As an aside, the French word for "shower" is douche. (Also feminine, while "bath" is masculine.) I mean, I knew that's what the English word "douche" came from, but knowing and having to translate it are two different things. One day, I will stop reflexively snorting like a 12 year old every time that comes up on Duolingo. That day is not today. It's probably not tomorrow, either. Hopefully it will be before I'm in a hotel in Paris and have to call down to the front desk to complain that the shower isn't clean.

La Réception: "Bonjour?"
Moi: "La douche *snicker* n'est pas propre... *snort*."
LR: "Pardon, monsieur?"
Moi: "La douche- heeheeha"
LR: "Est-ce que vous êtes américain?"
Moi: snicker "Oui" snort
LR: *hangs up*

Anyway.

Why is our language so eccentric? Just what is this thing we’re speaking, and what happened to make it this way?

I saved a quote from the dark recesses of the internet once: "I always thought of English as the bastard child of an orgy of languages ending with a huge bukkake leaving German covered in the messy splooge of all the others. German is seeking a paternity test while Latin fled the scene and French is denying everything." No idea who first posted it, but I stole it fair and square.

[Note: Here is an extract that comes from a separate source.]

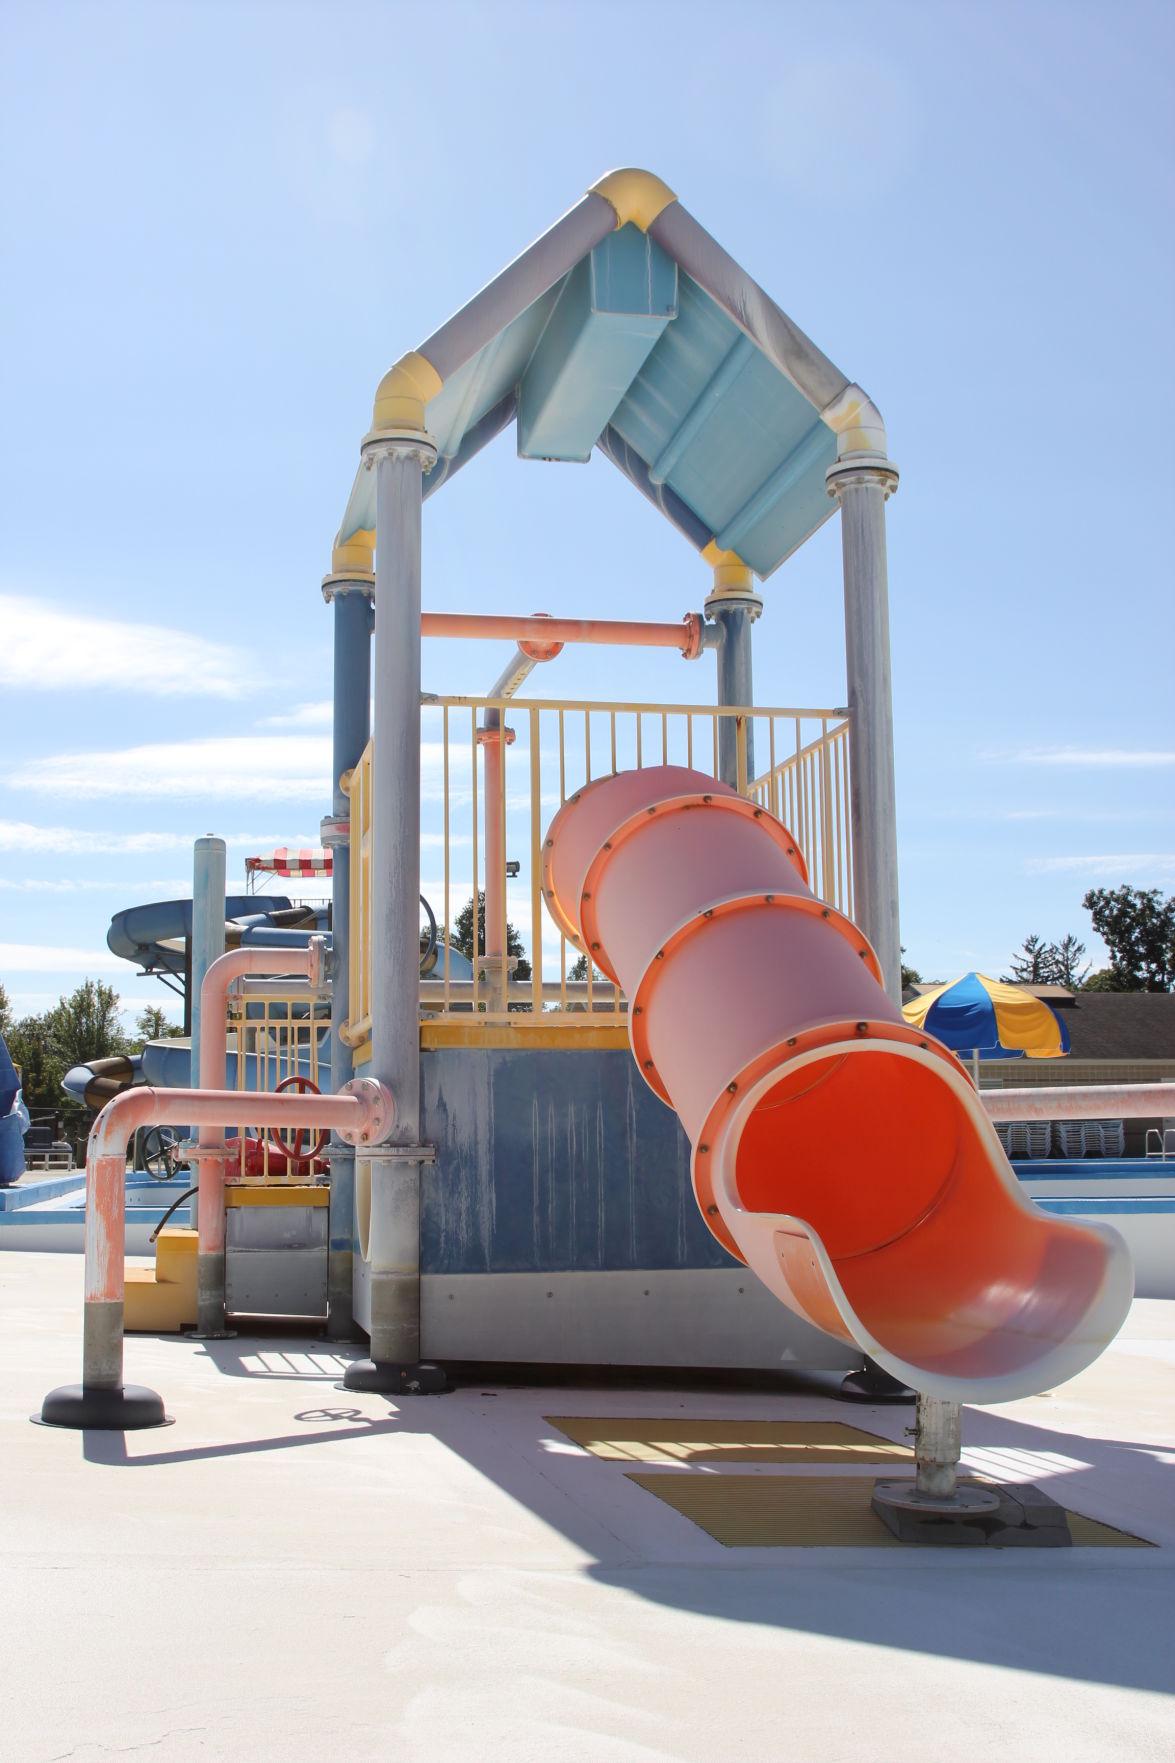 Meyer Municipal Aquatic Center
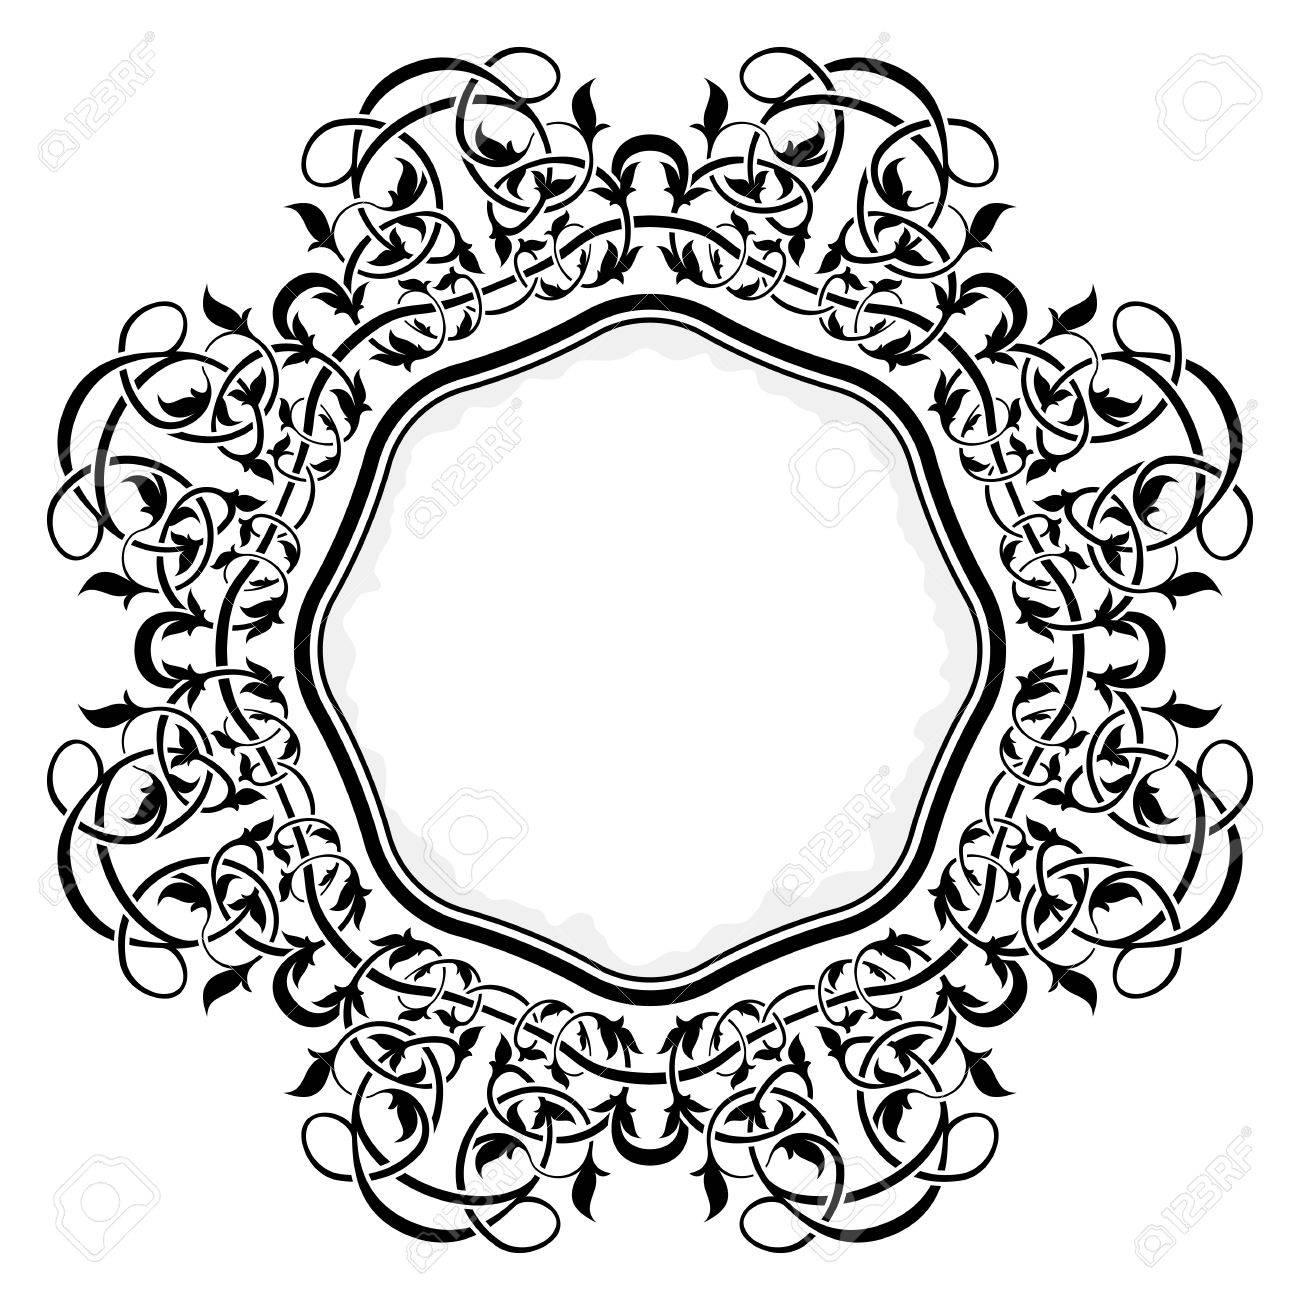 Black frame with ornamental border Stock Vector - 12128362

The first thing that got us from there to here was the fact that, when the Angles, Saxons and Jutes (and also Frisians) brought their language to England, the island was already inhabited by people who spoke very different tongues.

Ah, yes, the old "We're taking over now." "Screw you and your stupid language."

The second thing that happened was that yet more Germanic-speakers came across the sea meaning business.

By "business" he means "war."

Finally, as if all this wasn’t enough, English got hit by a firehose spray of words from yet more languages. After the Norse came the French. The Normans – descended from the same Vikings, as it happens – conquered England, ruled for several centuries and, before long, English had picked up 10,000 new words. Then, starting in the 16th century, educated Anglophones developed a sense of English as a vehicle of sophisticated writing, and so it became fashionable to cherry-pick words from Latin to lend the language a more elevated tone.

"Firehose." Right. You know he wanted to use the Japanese term from the anonymous quote above.

The multiple influxes of foreign vocabulary also partly explain the striking fact that English words can trace to so many different sources – often several within the same sentence.

And that's why I've been interested in linguistics.

Thus the story of English, from when it hit British shores 1,600 years ago to today, is that of a language becoming delightfully odd.

I think actual linguists have a different definition of "delightfully" than you or I do. Or than people who have to learn English as a second (third, fourth, whatever) language do.

The article provides an interesting perspective, I think. Nothing surprising in it, no world-shattering discoveries, but an excellent overview of our sometimes-maddening language.